As can be seen in the system overview image above, the WebUSB dongle hardware is largely standard:

  • I used a small Arduino Pro Micro: a Bad USB (or alternative) development board. It has a 5V to 3V LDO on board.
  • I added an I2C level shifter or (alternative) since most of my I2C slaves (like the ENS210) run on 3V3, not 5V0.
  • I added a home-made board with an I2C "shield" connector.
  • I did not add pull-ups on the I2C pins (I assume they are present internally).

The figure below shows the small Pro Micro ... Arduino Pro Micro

... and the sandwich of the three boards I soldered together. WebUSB-I2C sandwich

I 3D printed a small case (note the light guides for the LEDs) ... WebUSB-I2C in case

... the I2C connector can mate with e.g. the ENS210 shield ... WebUSB-I2C with ENS210 shield

... and the complete setup looks like this PC, WebUSB-I2C, and ENS210 shield

WebUSB-I2C dongle firmware

Software wise, I added the WebUSB stack, see WebUSB-LED for an intro. Secondly, I added a command interpreter that maps one-to-one on the Arduino I2C API. See the state machine below for the mapping. This serves as documentation of a large part of the firmware.

Command interpreter state machine

The screenshot below shows a terminal session in Chrome, using commands to communicate with an ENS210.

Example session ENS210

We see

  • w43p a ping (write to slave address 0x43 with no payload), which was successful (result [00]). Note that 0x43 is the slave address of the ENS210.
  • w4310r4301p a write to the ENS210 of 0x10 (address of register SYS_CTRL), followed by a read of 0x01 bytes. The write was successful (result [00]) and the read shows [01], that is low power enabled.
  • w431000p a write to the ENS210 value 0x00 (disable low power) to register SYS_CTRL at address 0x10.
  • Again w4310r4301p to confirm that SYS_CTRL has disabled low power (read now returns [00]).
  • Finally a read of the two-byte PART_ID register at address 0x00 w4300r4302p. The write was successful (result [00]) and the read shows [1002], low endian for 0x0210, the part id of ENS210.
  • Finally, the w44p is a ping to device 0x44, which is not connected and thus fails (result [02]). See Arduino for the error codes for write.

By the way, note the USB icon (the "fork") in the Chrome tab (just to the right of the X for closing the tab). It pops up at the moment a web page has established connection with a Web USB device.

WebUSB-I2C web pages

We also need an application to talk to the dongle. For WebUSB, this application is a webpage. I have developed two web pages.

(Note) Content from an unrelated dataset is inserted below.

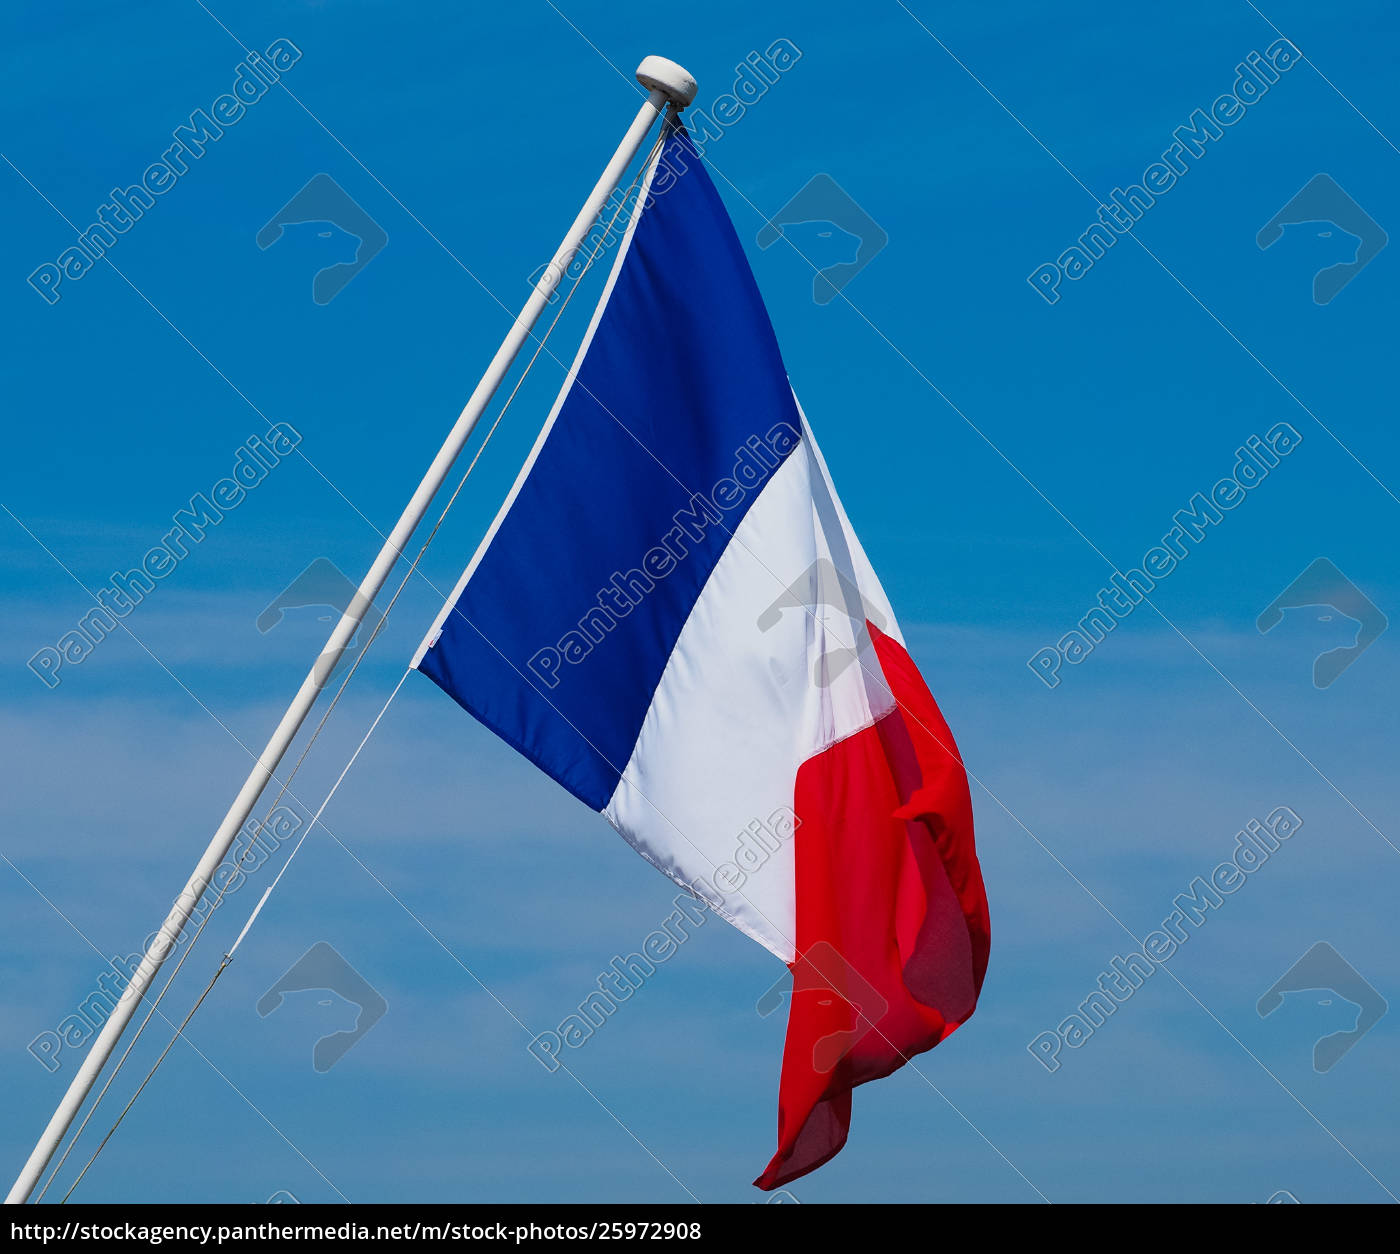 Fotodruck mit französische Flagge, Frankreich Flagge von

The first one is a "terminal", already shown in the previous paragraph. You can type characters, which will be send to the dongle, and characters transmitted by the dongle are displayed by the "terminal". So an ideal method to debug and learn how the dongle works.

The second application assumes an ENS210 is connected to the dongle. This web page sends commands to the ENS210 via the dongle. These commands execute measurements. The measurement results are displayed in a graph.

For both applications refer to the web directory.